I have no idea what you mean when you say your son’s tutor Is an expert on gifted kids.

It sounds like you think your son’s file was screaming gifted. It sounds to me more like it screamed YOU think he’s gifted. Please understand, I have no idea if he’s gifted or not. I’m just addressing how the file presented (with one score definitely above what is believed to be the cut off - wisc). The Mensa admission is duplicative of the wisc score since admission seems to be based on that. The LOR seems more like a throwaway; just saying they LOR is from an “expert” in gifted kids means it was likely not considered heavily. You don’t mention the gbrs.

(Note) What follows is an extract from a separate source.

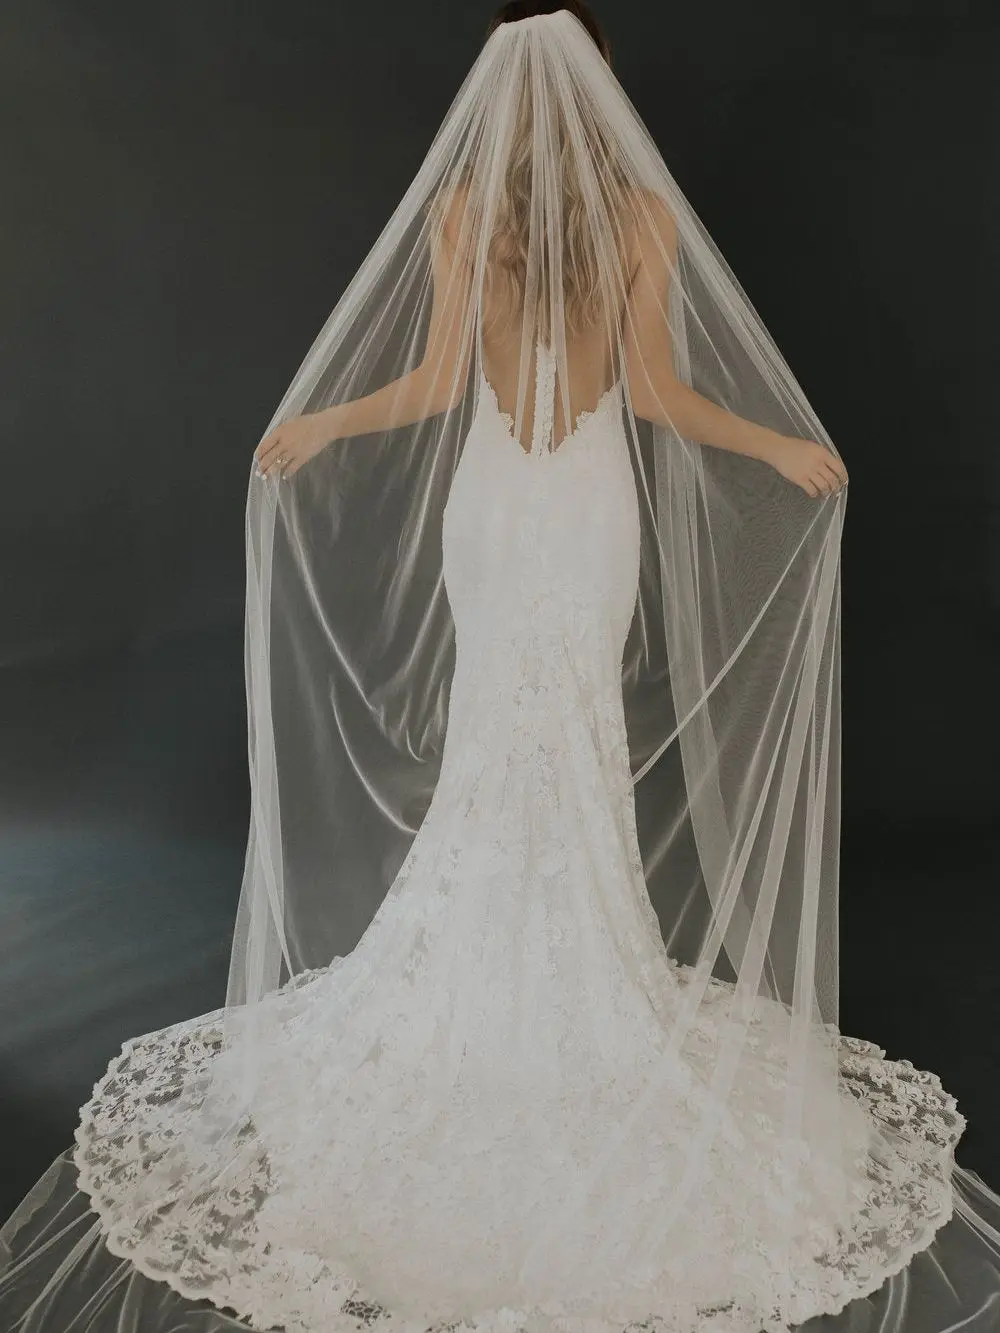 TOPQUEEN V30 Soft Single Tier Bridal Veil with Cut Edge Real Photos Long 3M Cathedral Wedding Veil Sheer Italian Tulle Veil simple ribbon edge wedding veils for brides 2023 long drop two tiers veil for women with comb soft tulle wedding طرحة العروس

Typo above- the cogat WAS at the Mensa cut off. Not by much though...
Anonymous
Anonymous wrote:
Anonymous wrote:My son did not get in on appeal. (Grade 3) To me, it is RIDICULOUS and I agree. DEMAND Re-evaluation. This makes NO SENSE. If there is a petition, I want to SIGN IT! I think due to Covid, less space in the programs!!!

NNAT (Dont remember but was high!)
COGAT (127)
WISC: 133 (99th Percentile)

My son is in Mensa, literally has a Patent Pending for a new game invention he created, and was recommended by a PhD who was an expert on gifted children and written text books (tutors my son) who said he is exceptionally gifted. He is an athlete, a musician, and an amazing public speaker. Does the kid have to be a CEO?


Mensa’s bar is not that high for kids. Your son’s cogat wasn’t at the benchmark and I assume if the nnat was at least at the benchmark, you’d have remembered the score.

I have no idea what you mean when you say your son’s tutor Is an expert on gifted kids.

It sounds like you think your son’s file was screaming gifted. It sounds to me more like it screamed YOU think he’s gifted. Please understand, I have no idea if he’s gifted or not. I’m just addressing how the file presented (with one score definitely above what is believed to be the cut off - wisc). The Mensa admission is duplicative of the wisc score since admission seems to be based on that. The LOR seems more like a throwaway; just saying they LOR is from an “expert” in gifted kids means it was likely not considered heavily. You don’t mention the gbrs.




My son’s school does NOT administer GBRS. Only notes, and not a specific score. I’m not saying he’s gifted. My point is that his score is high enough to be admitted into as ADVANCED program. This is NOT supposed to be a gifted program. And why are kids with lower scores getting in?? My point in Nensa is that they DO allow kids in with a certain IQ. But yet not good enough for the school ? My son has Multiple other activities and referrals at which he has excelled. I’m not just speaking for him. I’m speaking for kids who are even MORE deserving than him here with WISCs of 147 and 149 being rejected. Please explain the logic. In fact, Cogats are commonly prepped for. NOT the WISC.
Anonymous
Anonymous wrote:
Anonymous wrote:What I am also reading here is that kids with lower Cogats and relatively average WISCs are getting in. And kids with skyrocketing WISCs and cogats are being denied. This is so lame. Happy for people whose kids have gotten in but this is fishy. It also varies clearly per school. Frankly, a school with majority Asian kids is much more competitive in terms of this stuff. Ironically, people move to these areas because these schools rank high (due to the test scores etc.) and their kids are held back because every other child is a 99 percenter. Bigger and diverse school populations leave more room to admit people with lower scores. I know this for a fact as I know multiple people in both of these environments. Now I see why people in the best neighborhoods and school districts move to private schools.


Buy a bigger/nicer house in a so-called "bad" (i.e. Title I) school district. Apply for AAP from your new school and gain easy admission to the Center. Sounds like a win-win!


We go to a Title 1 school with a 134 COGAT and 134 WISC and didn’t get in on appeal.